American families have to balance their budgets. So should the government.

Bipartisan applause broke out. Even Vice President Cheney—Mr. Deficits Don’t Matter—was applauding along with Speaker Pelosi.

It’s a powerful idea, but it’s a myth. One to which both parties feign allegiance.

The false idea that federal deficits are bad (and surpluses are good) seems to be an immovable object. I’ve been trying to chip away at that dangerous myth for three years here, but the dogma is so engrained, and so easy to exploit for applause at political events (either side’s), I’m starting to wonder if anything can ever dislodge the falsehood. Maybe not.
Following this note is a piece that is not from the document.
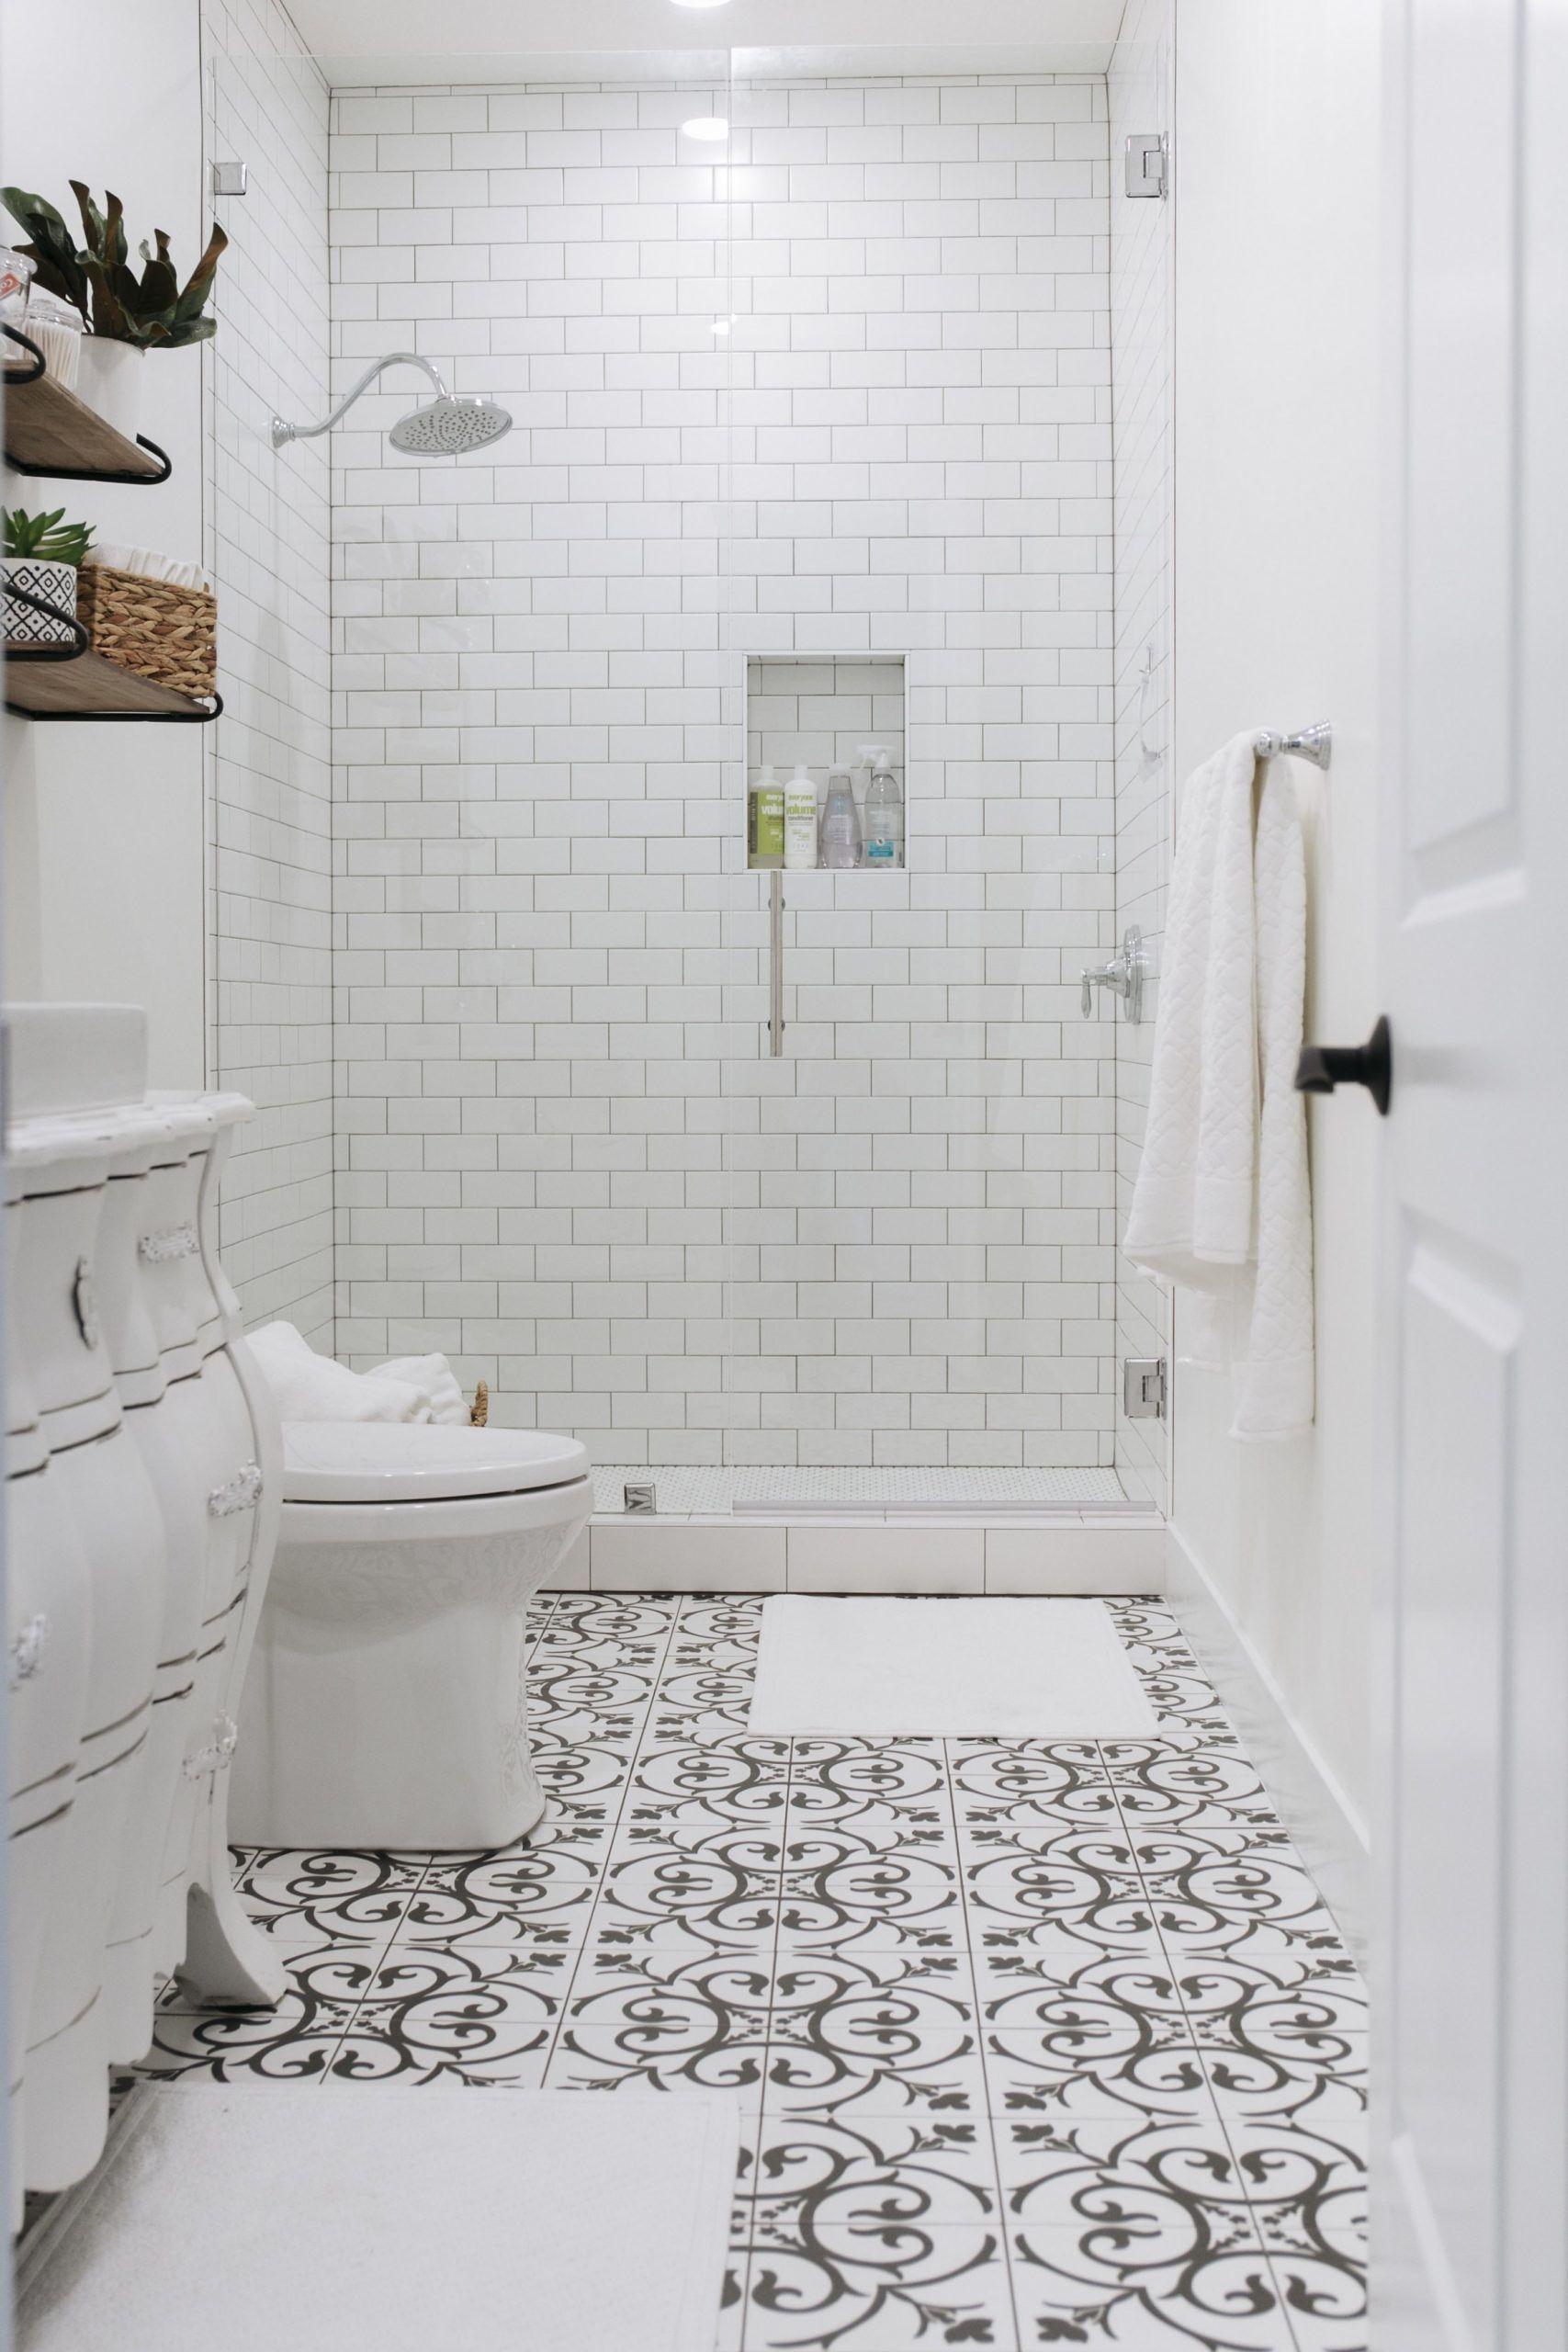 Guest Bathroom Floor Tile Ideas In 2020 Black And White Tiles Bathroom White Bathroom Tiles Tile Bathroom

The federal government will run out of excuses for not balancing its budget—as soon as General Electric and Wal-Mart stop using a mixture of growing debt and growing equity to fund their growth—and as soon as the Smith, Jones, and Rodriquez families (all generations, moving through time) stop accumulating growing debt for houses, car loans, and family businesses even as their total family incomes continue to grow. When everybody else stops borrowing, the federal government will be out of “excuses.” [Don't hold your breath waiting for that day to arrive, however.]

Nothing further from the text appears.